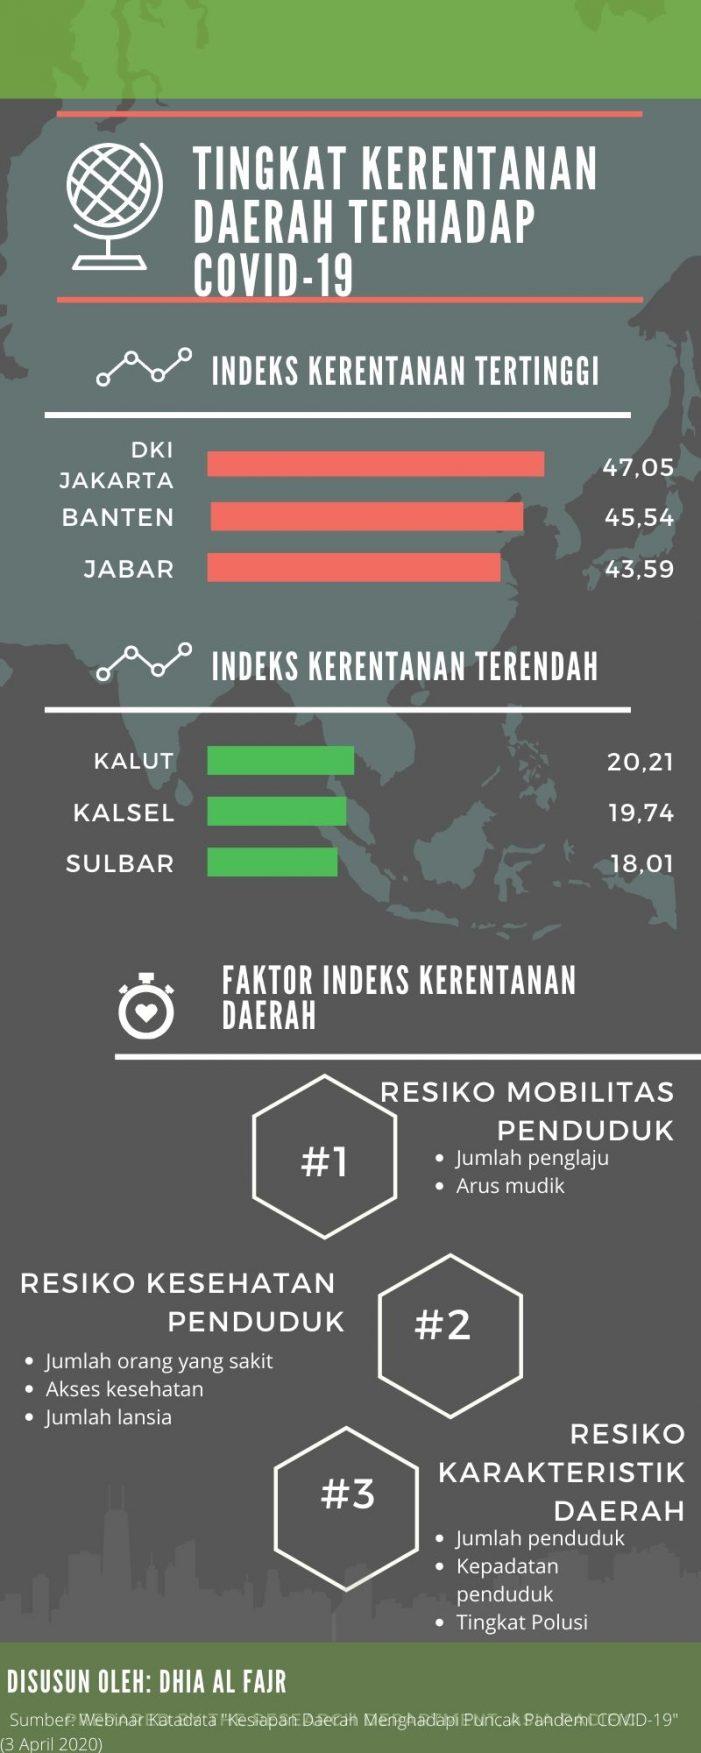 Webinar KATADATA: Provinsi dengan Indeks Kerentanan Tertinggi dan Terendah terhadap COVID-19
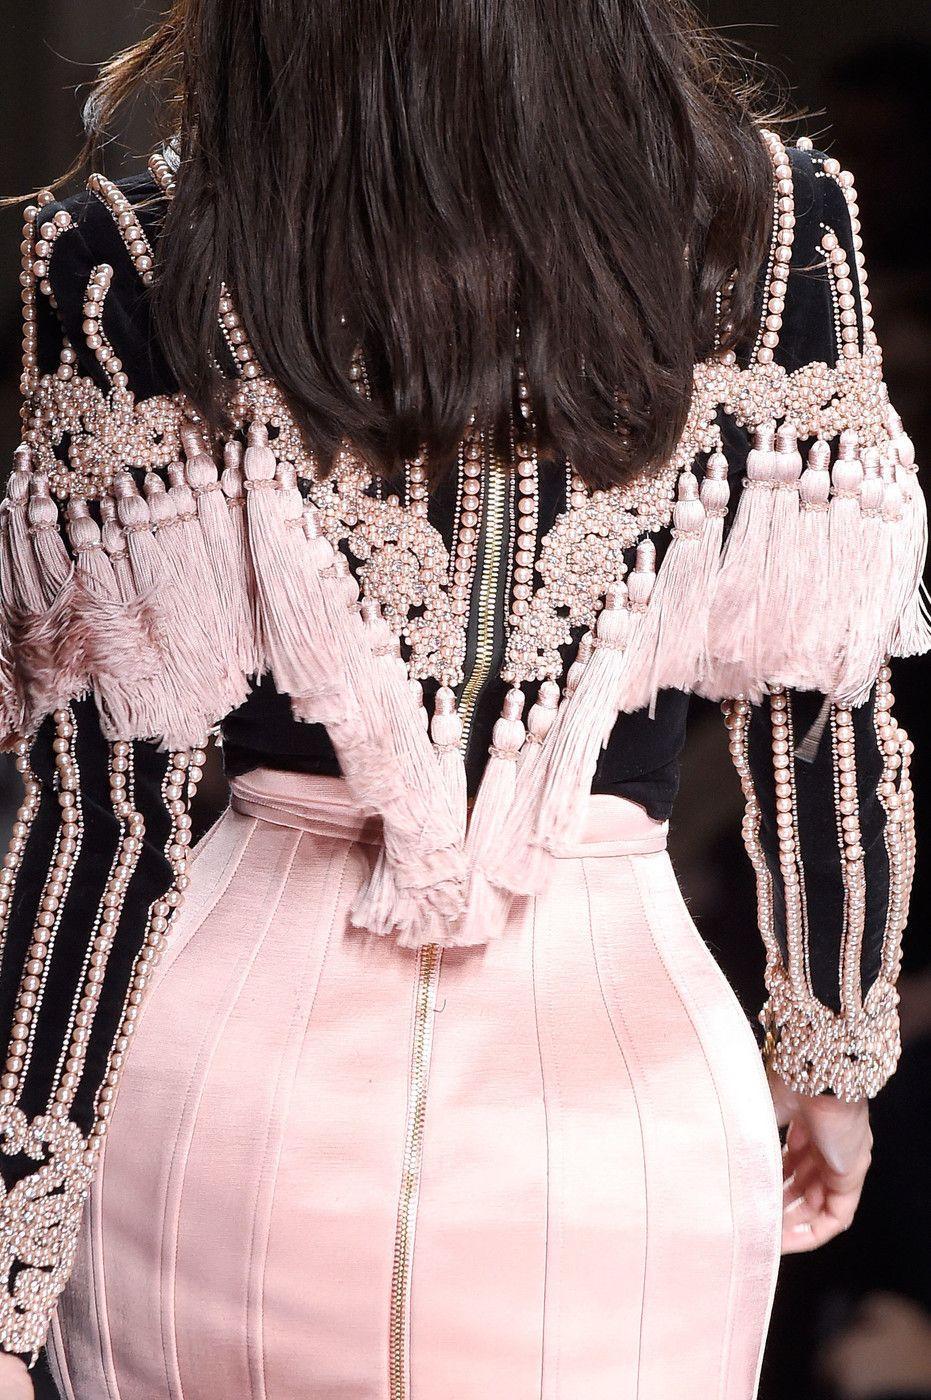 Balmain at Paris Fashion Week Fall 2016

==

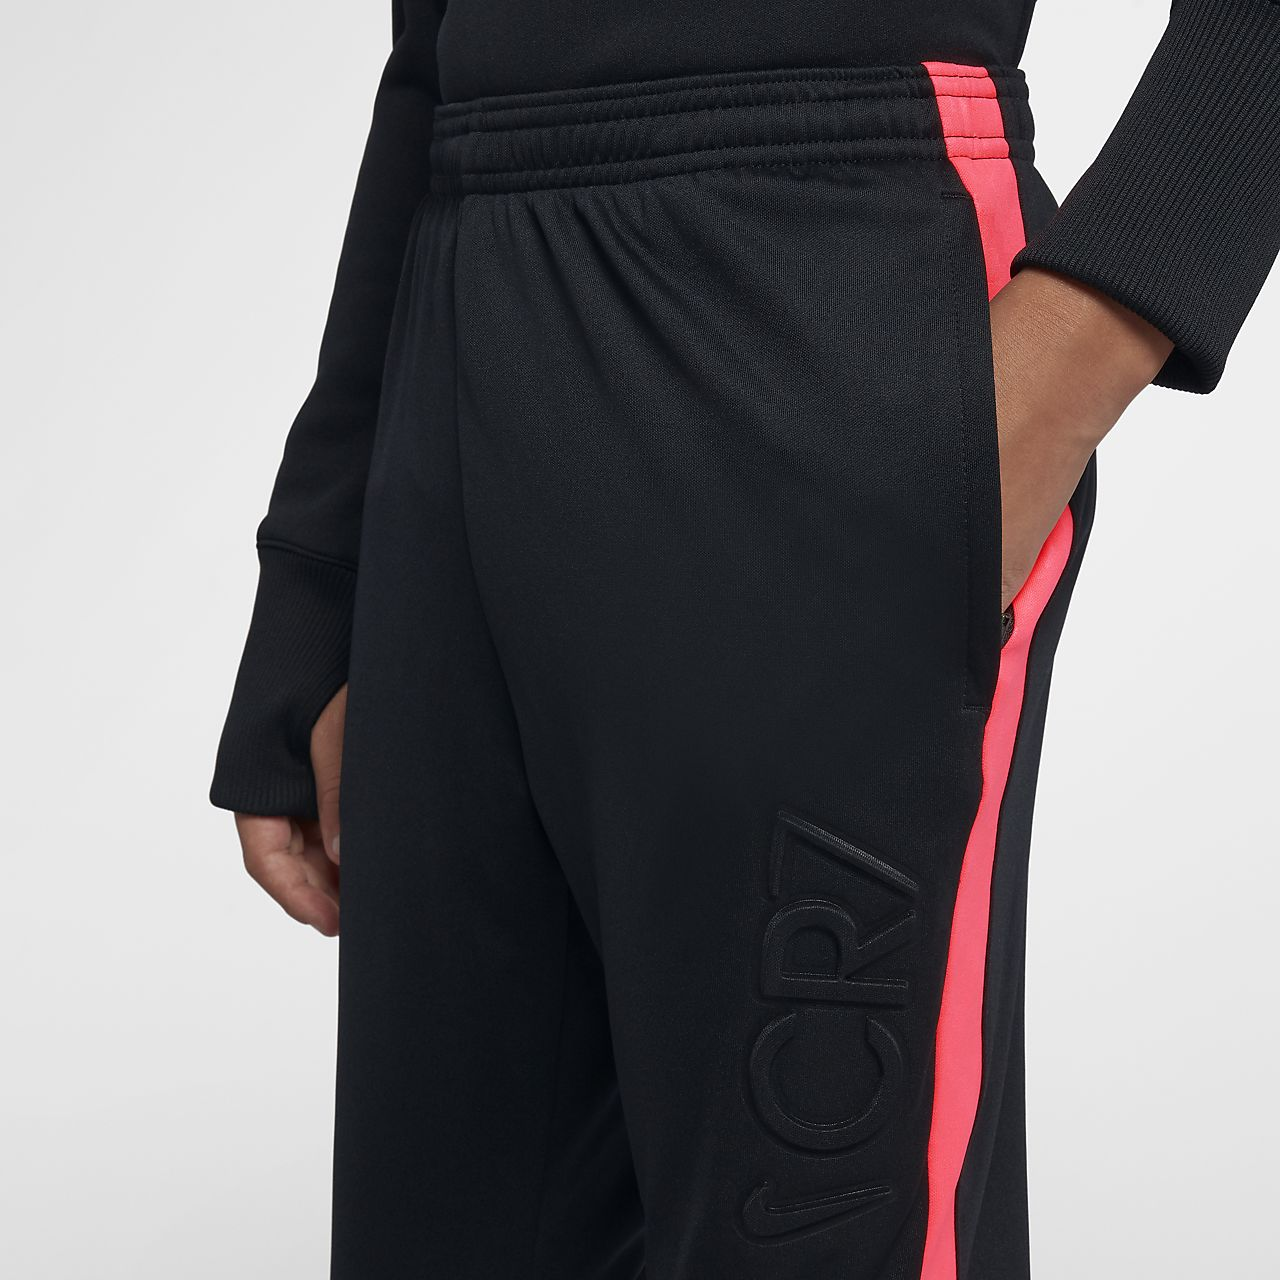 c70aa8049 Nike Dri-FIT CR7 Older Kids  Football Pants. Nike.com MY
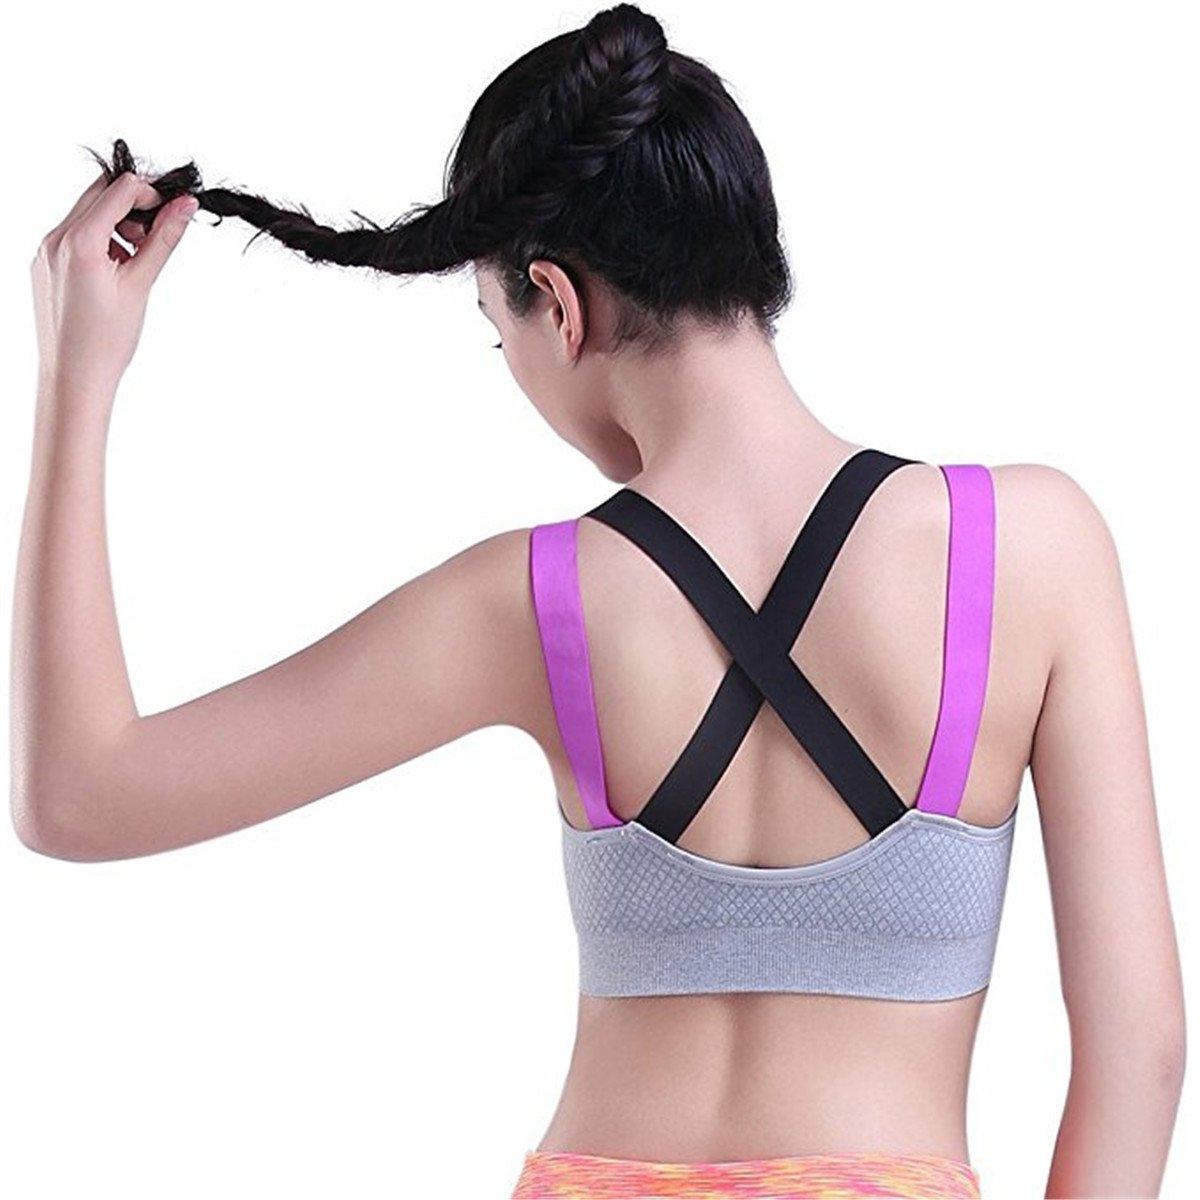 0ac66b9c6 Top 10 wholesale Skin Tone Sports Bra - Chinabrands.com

---

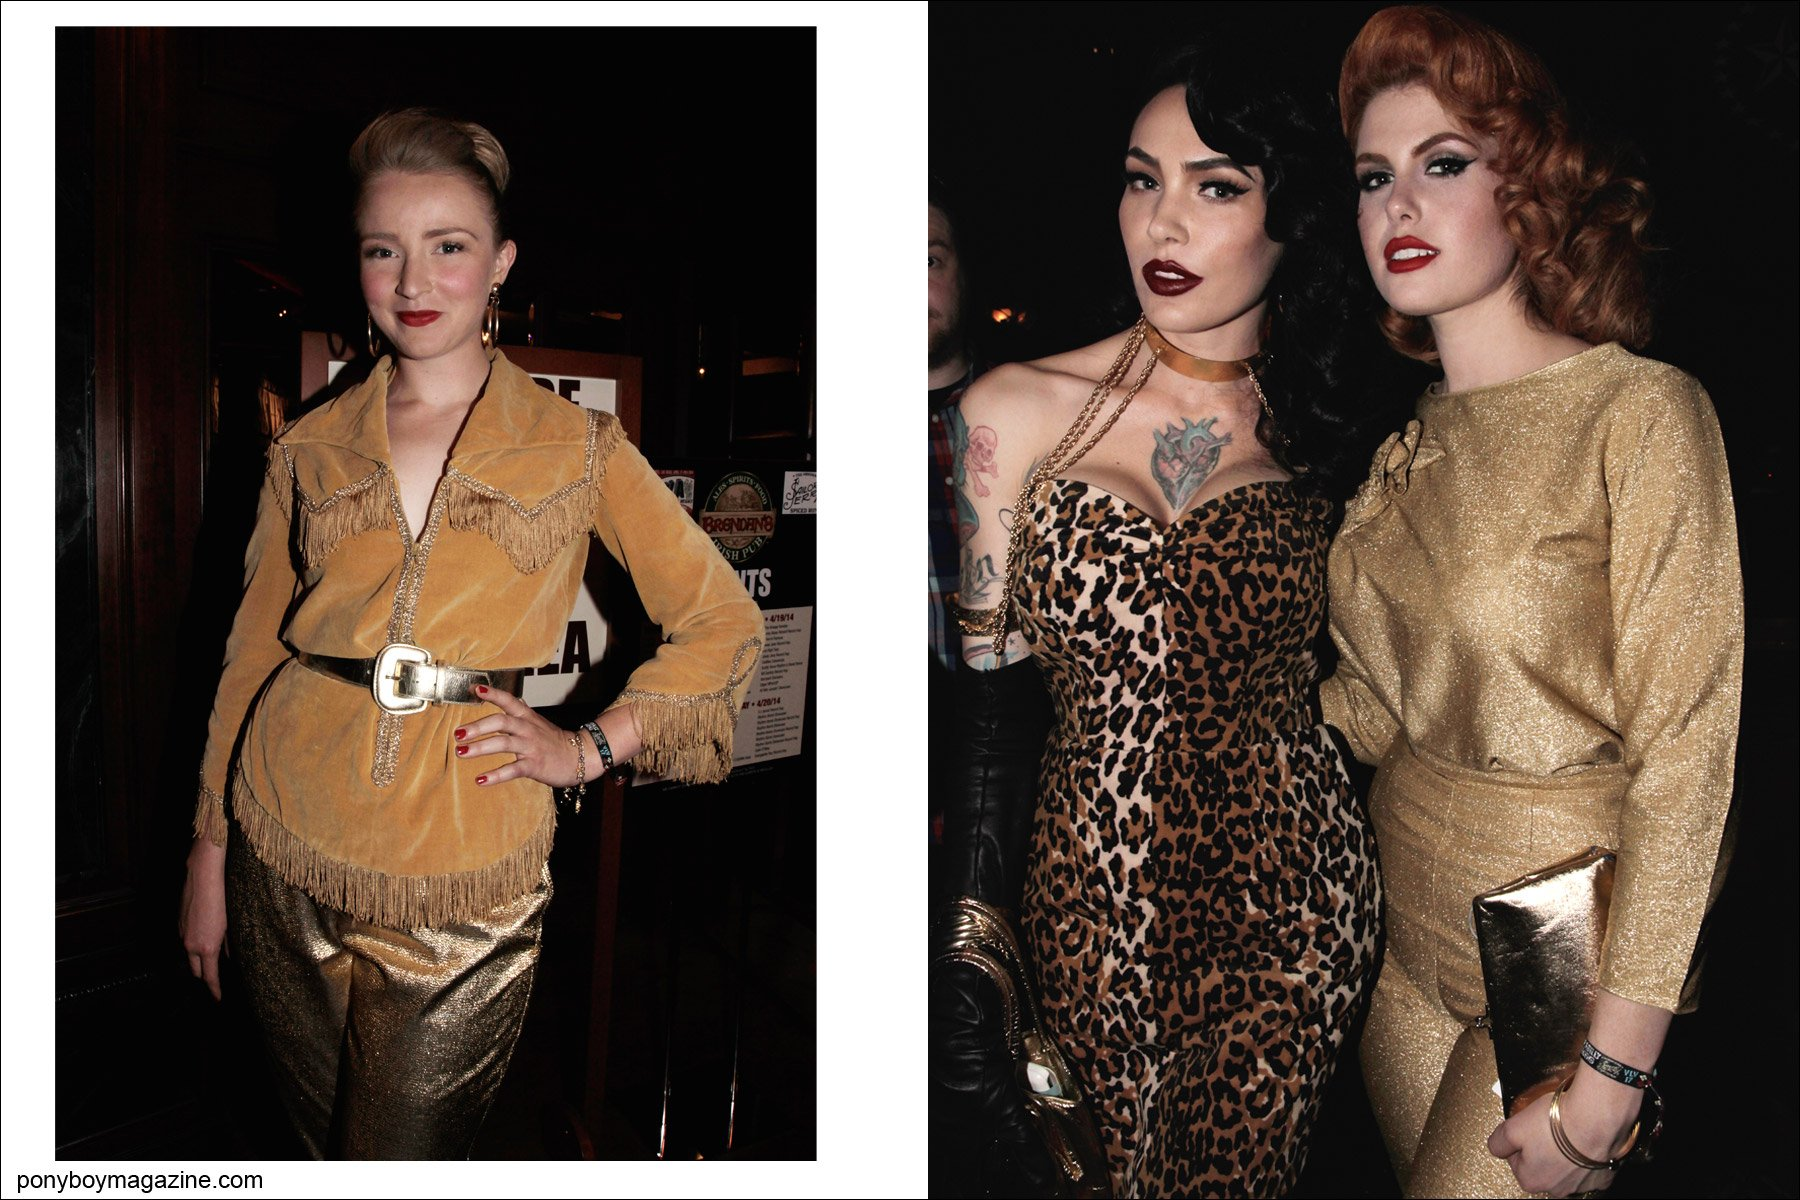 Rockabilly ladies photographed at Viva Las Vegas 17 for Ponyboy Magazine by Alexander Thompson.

> _Problem statement_:
Leaving pictures out, output the lines of the data above from the one with "Webinar KATADATA: Provinsi" through the one with "Balmain at Paris Fashion Week Fall 2016", word for word.

> _Written response_:
 Webinar KATADATA: Provinsi dengan Indeks Kerentanan Tertinggi dan Terendah terhadap COVID-19
 Balmain at Paris Fashion Week Fall 2016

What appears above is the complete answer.